Energy Sources, Part A: Recovery, Utilization and Environmental Effects, cilt.45, sa.3, ss.7606-7628, 2023 (SCI-Expanded)
Weather is made up of multiple parameters, including solar radiation (SR),
atmospheric pressure (AP), soil temperature (ST), atmospheric temperature
(AT), wind speed (WS), relative humidity (RH), and sunshine duration (SD).
These factors are also crucial for the renewable energy sector, solar simulation,
agriculture, air pollution, water supply and distribution, avalanche
warning, forestry, and town and regional planning. A deep learning method
based on a neural network with Long Short-Term Memory (LSTM) was
employed in this investigation for one-hour-ahead weather data forecasting.
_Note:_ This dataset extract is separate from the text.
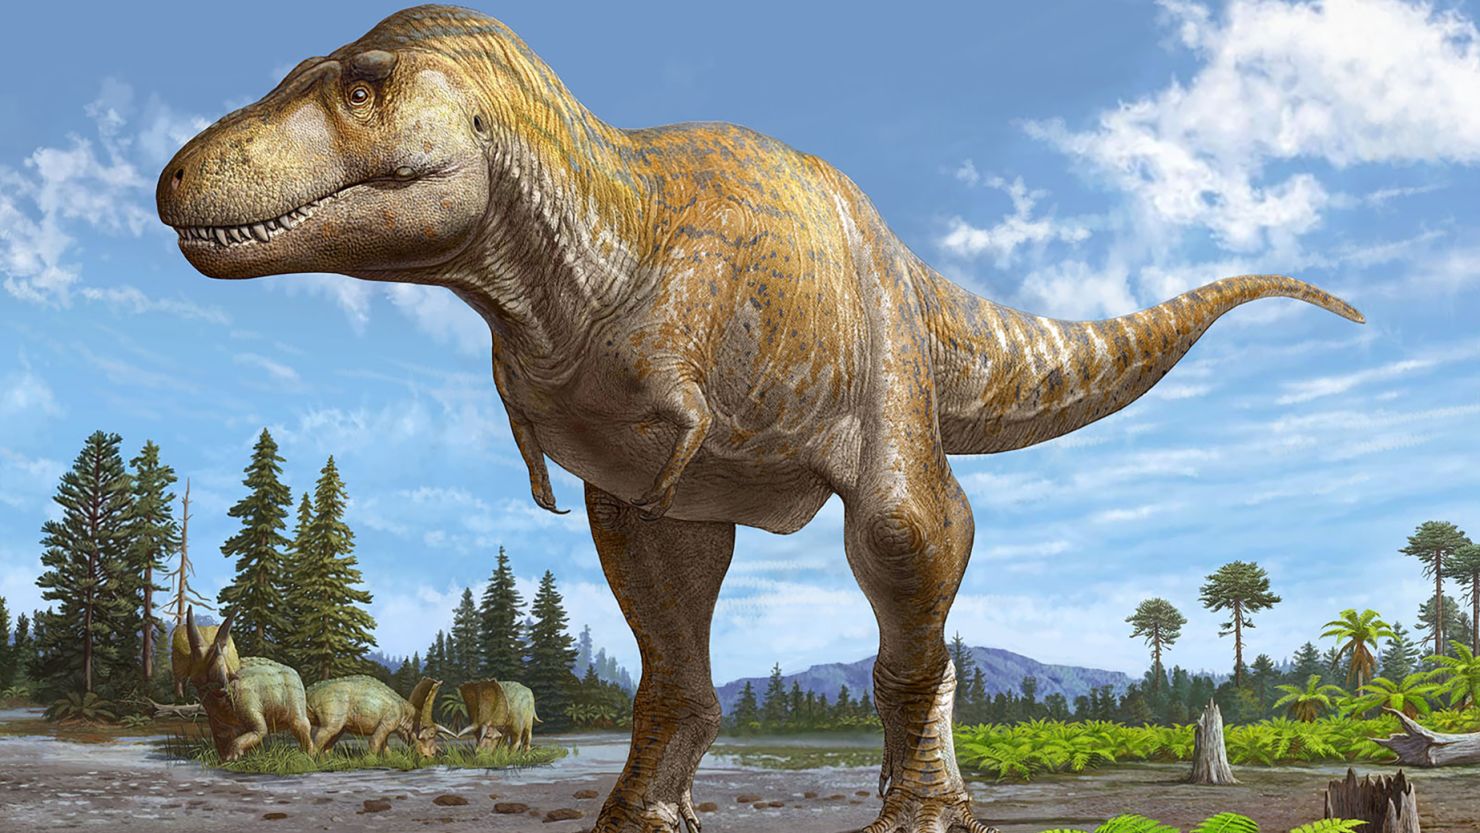 T. rex fossil is actually a species new to science, study says CNN

The ability of the LSTM model was compared with the Adaptive Neuro-Fuzzy
Inference System (ANFIS) with that of the fuzzy c-means (FCM),
Autoregressive Integrated Moving Average (ARIMA) model, and the
Autoregressive Moving Average (ARMA) model. Mean absolute error (MAE),
correlation coefficient (R), root means square error (RMSE), average bias,
Nash – Sutcliffe efficiency coefficient (NSE), and mean absolute percentage
error (MAPE) were selected as evaluation criteria. Results indicated that the
proposed LSTM model presented good enough results compared to other
used methods. 7 different types of meteorological data from a total of 4 years
(35040 hours) were divided into 25% test data and 75% training data for the
models. The best result was obtained for the hourly ST estimation of Adana
province using the LSTM method, the MAE, RMSE, R, bias, NSE, and MAPE
values were computed as 0.016°C, 0.078°C, 0.9999, −0.00018°C, 0.0805%, and
0.9999, respectively. On the other hand, the worst result was obtained for the
hourly SD for Mardin province when ARIMA was used, and the statistical
measures were derived as 0.128 hours for MAE, 0.215 hours for RMSE, 0.8851
for R, 0.00091 hours for bias, and 0.7657 for NSE. In this regard, it is demonstrated
that the LSTM technique outperformed the other models in terms of
all-weather data estimates and delivered highly sensitive outcomes.